In 2015, SpaceX began development of the Starlink constellation of low Earth orbit satellites to provide satellite Internet access, with the first two prototype satellites launched in February 2018. A second set of test satellites, and the first large deployment of a piece of the constellation, occurred in May 2019, when the first 60 operational satellites were launched. The total cost of the decade-long project to design, build, and deploy the constellation was estimated by SpaceX in 2020 to be $10 billion. (Note: SpaceX received nearly $900 million in Federal Communications Commission subsidies for Starlink.) Some critics, including the International Astronomical Union, have alleged that Starlink blocks the view of the sky and poses a collision threat to spacecraft.

During the Russian invasion of Ukraine, Musk sent Starlink terminals to Ukraine to provide Internet access and communication. In October 2022, Musk stated that about 20,000 satellite terminals had been donated to Ukraine, together with free data transfer subscriptions, which cost SpaceX $80 million. After asking the United States Department of Defense to pay for further units and future subscriptions on behalf of Ukraine, Musk publicly stated that SpaceX would continue to provide Starlink to Ukraine for free, at a yearly cost to itself of $400 million. At the same time, Musk refused to block Russian state media on Starlink, declaring himself "a free speech absolutist".

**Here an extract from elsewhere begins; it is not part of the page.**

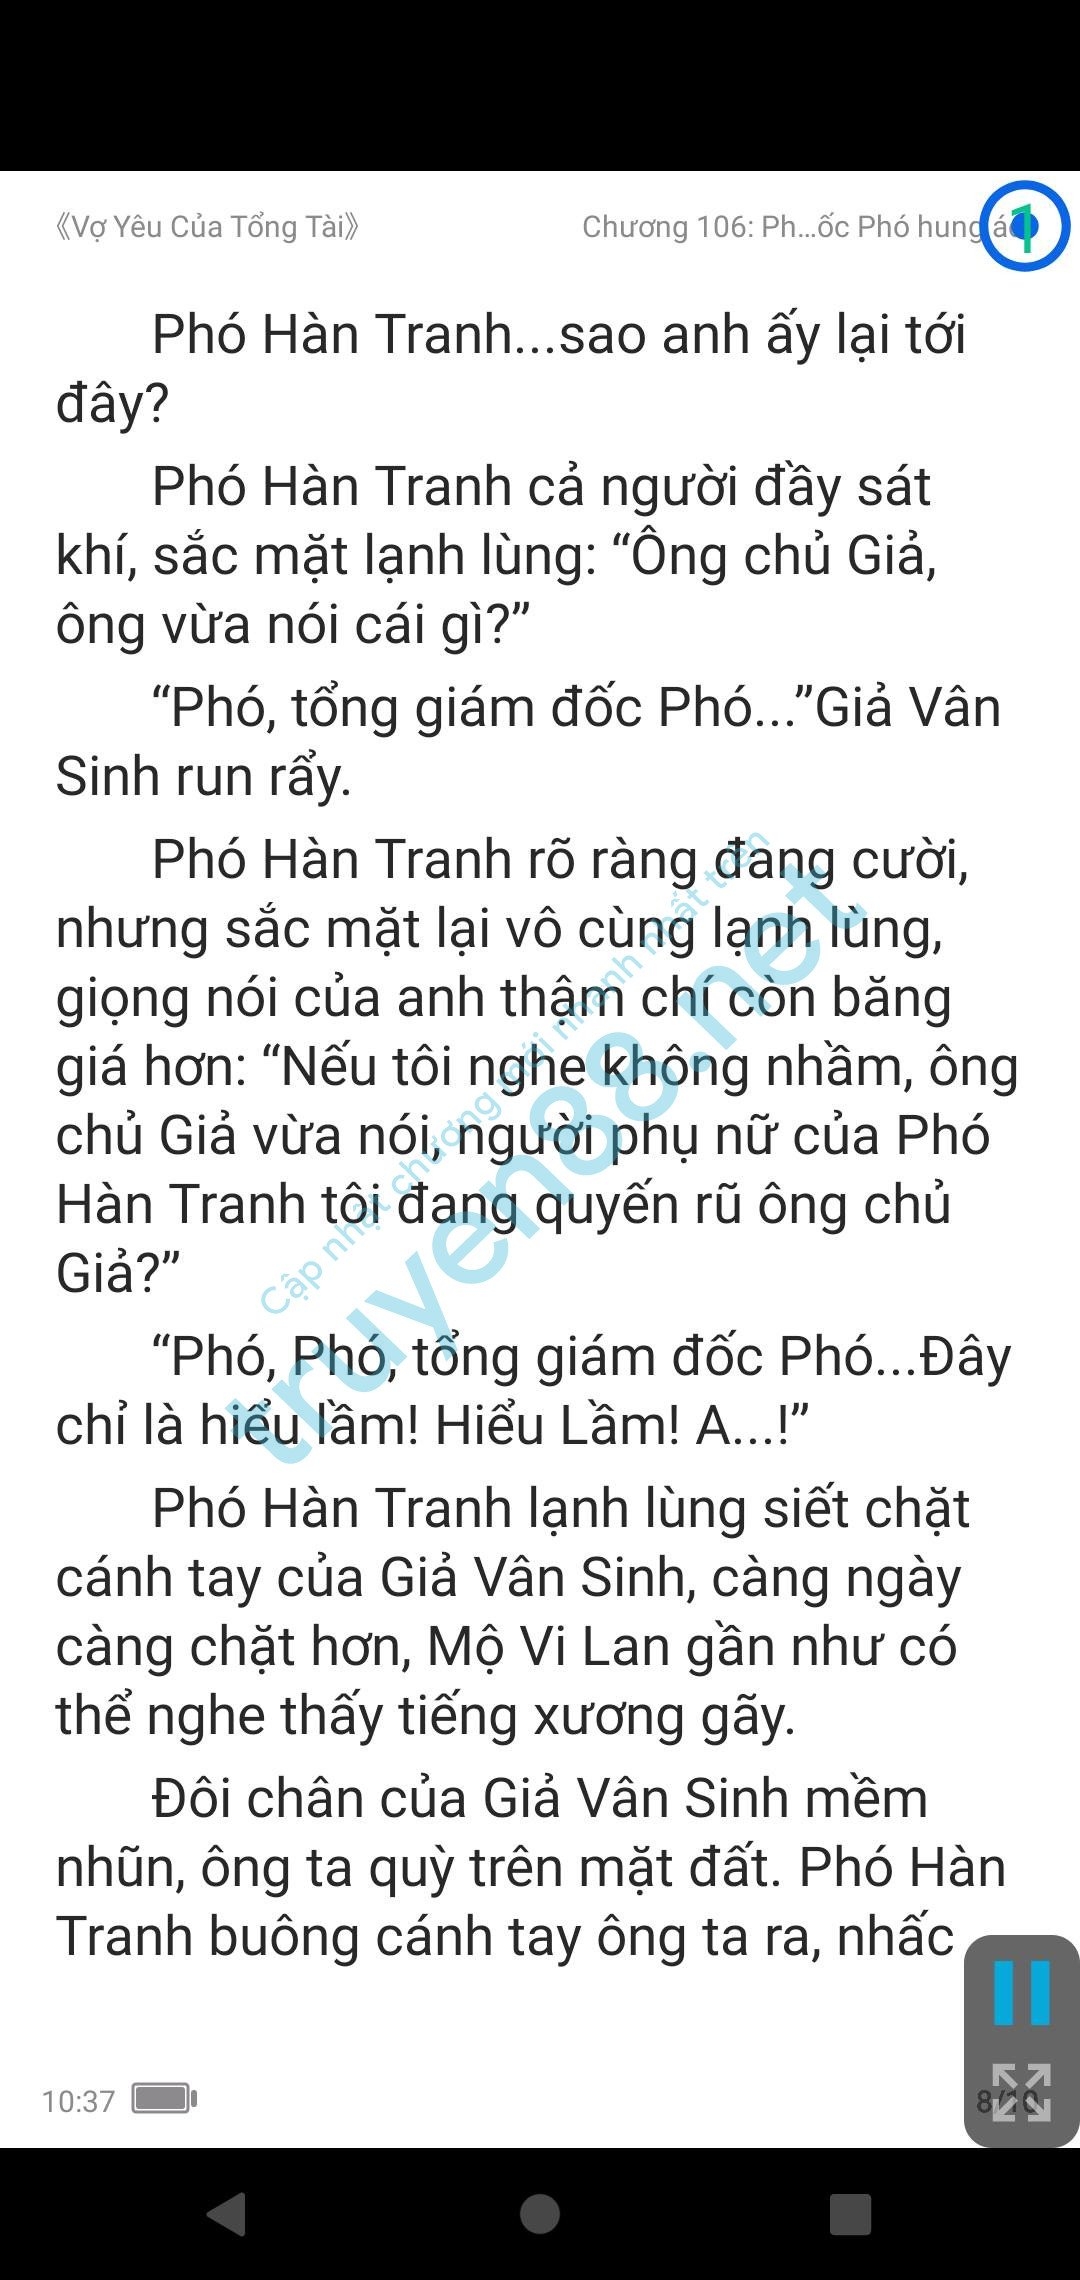 vo-yeu-cua-tong-tai-mo-vi-lan--pho-han-tranh-106-0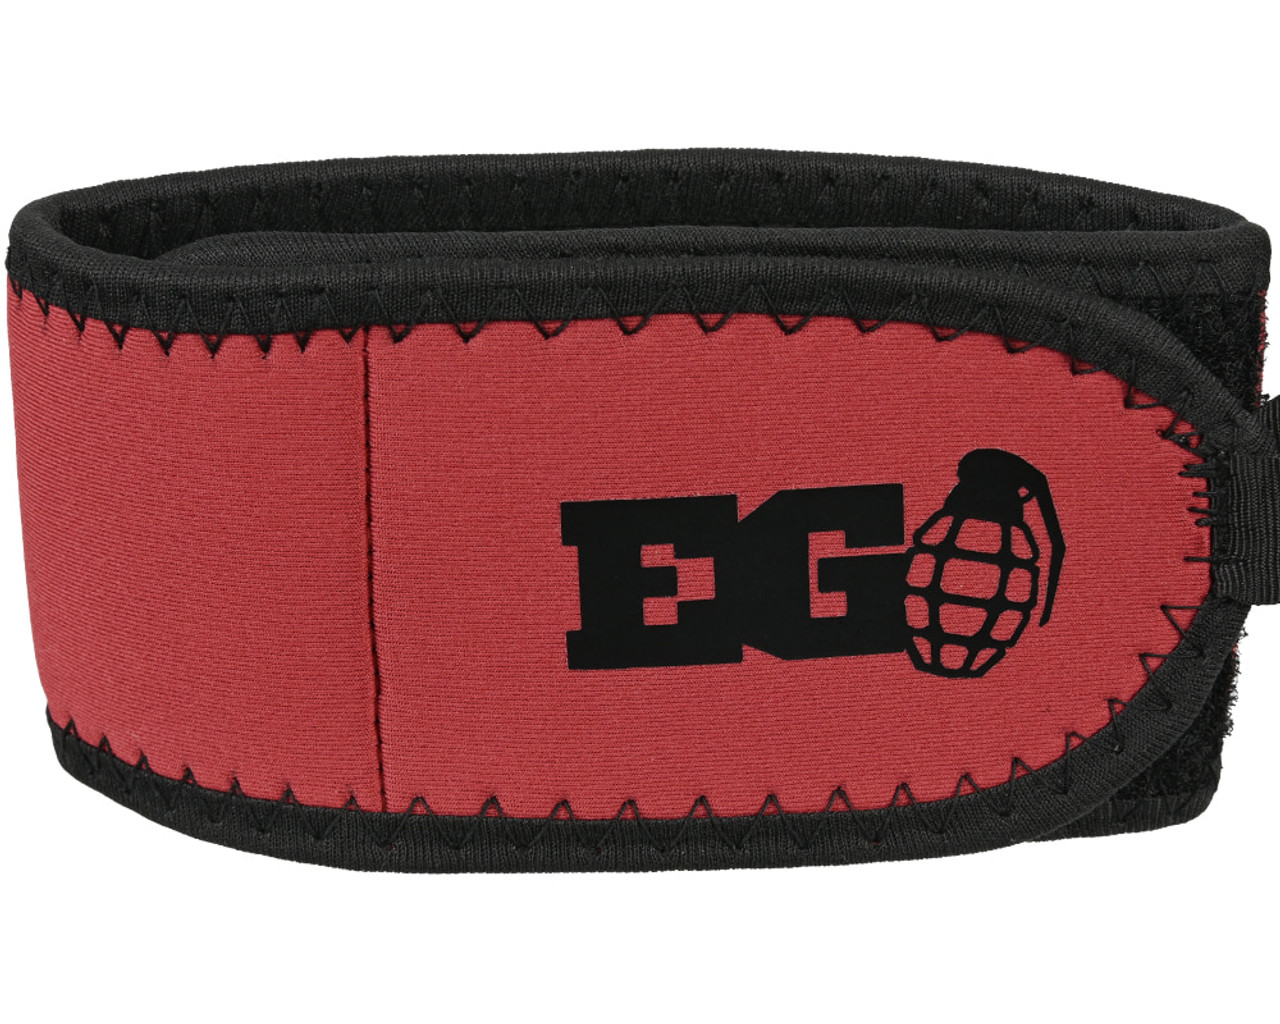 Enola Gaye Team Velcro Armband - Red - ANSgear.com

In September 2023, Ukraine asked for the activation of Starlink satellites over Crimea to attack Russian naval vessels located at the port Sevastopol; Musk denied the request, citing concerns that Russia would respond with a nuclear attack.

==Tesla==

Tesla, Inc., originally Tesla Motors, was incorporated in July 2003 by Martin Eberhard and Marc Tarpenning. Both men played active roles in the company's early development prior to Musk's involvement. Musk led the Series A round of investment in February 2004; he invested $6.35 million, became the majority shareholder, and joined Tesla's board of directors as chairman. Musk took an active role within the company and oversaw Roadster product design, but was not deeply involved in day-to-day business operations.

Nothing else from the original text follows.